Saito kesulitan menemukan tempat di rumah sakit, menyebabkan dirinya menghabiskan pekan-pekan terakhir di apartemennya di Tokyo, sendirian. Demikian seperti dikutip dari VOA Indonesia pada Rabu (29/11/2017).
"Ada sekitar 20 orang dalam daftar tunggu di rumah sakit," ujar Saito.
Saito akhirnya mendapatkan kamar di rumah sakit pada September dan meninggal dua hari kemudian.
Kebanyakan warga Jepang sebenarnya enggan "berpulang" di rumah. Mereka tidak ingin membebani anggota keluarga lain, dan merasa rumah sakit sebagai tempat yang lebih nyaman.

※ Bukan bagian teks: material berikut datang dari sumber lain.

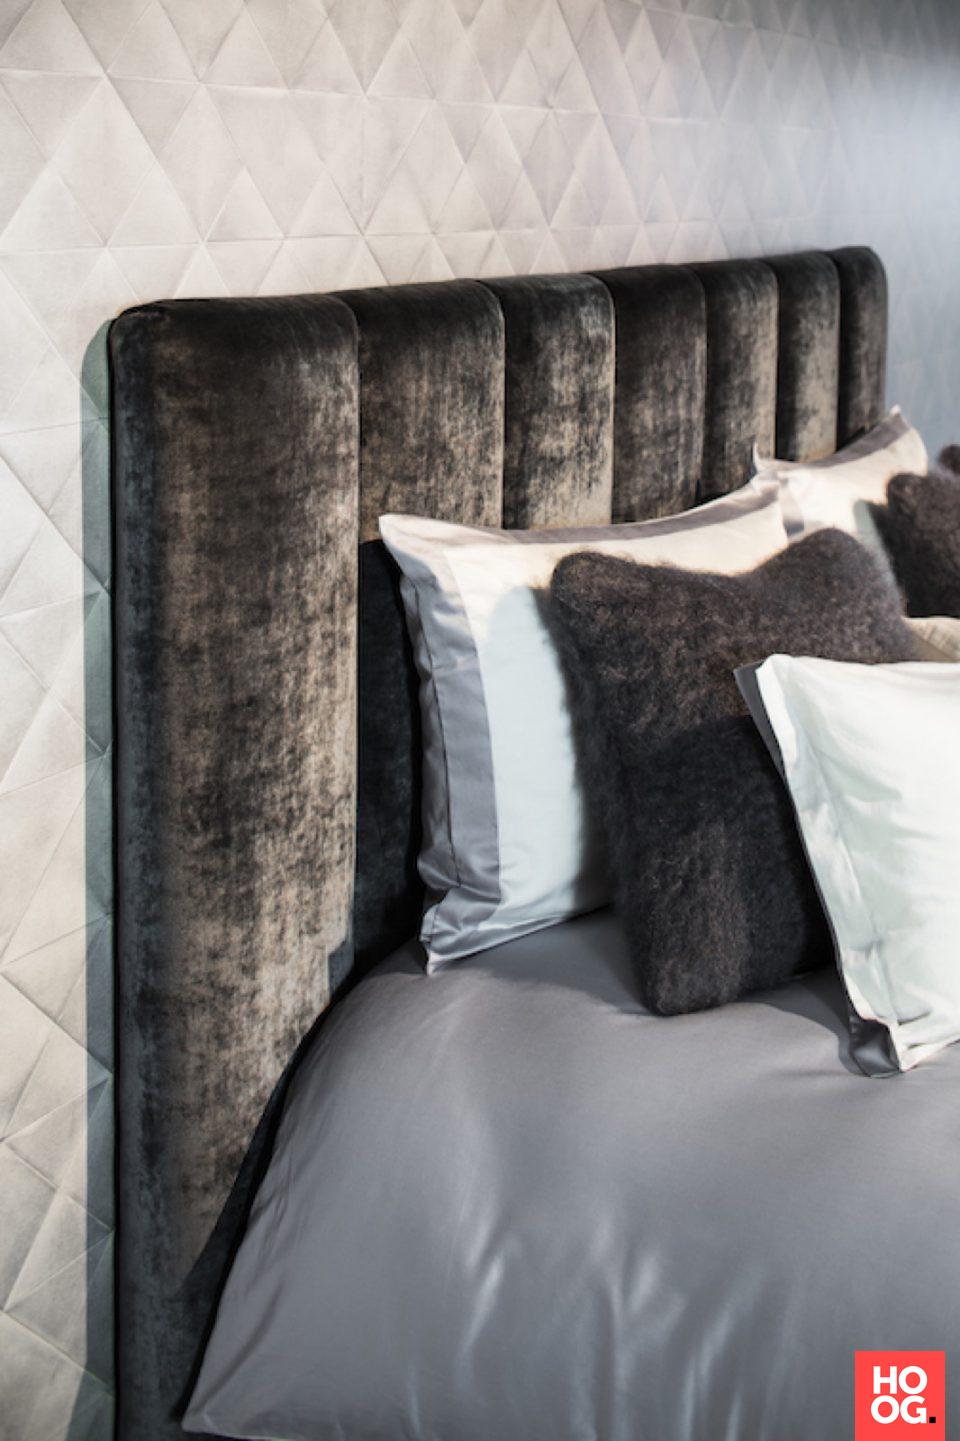 Design slaapkamer met luxe bed | Osiris Collectie - Nilson Beds - Ontwerp: Osiris Hertman | slaapkamer design | bedroom ideas | master bedroom | Hoog.design

Menghabiskan hari-hari terakhir sebelum tutup usia di rumah mungkin menjadi pilihan yang banyak diambil di Jepang. Hal tersebut dilakukan demi mengikuti situasi terkini, di mana kamar untuk para lansia di rumah sakit Jepang semakin langka.
Tercatat, satu dari empat penghuni kamar di sana berusia di atas 65 tahun.
Petugas Kesehatan setempat memprediksi, rumah sakit Jepang akan kekurangan lebih dari 470 ribu tempat tidur pada 2030.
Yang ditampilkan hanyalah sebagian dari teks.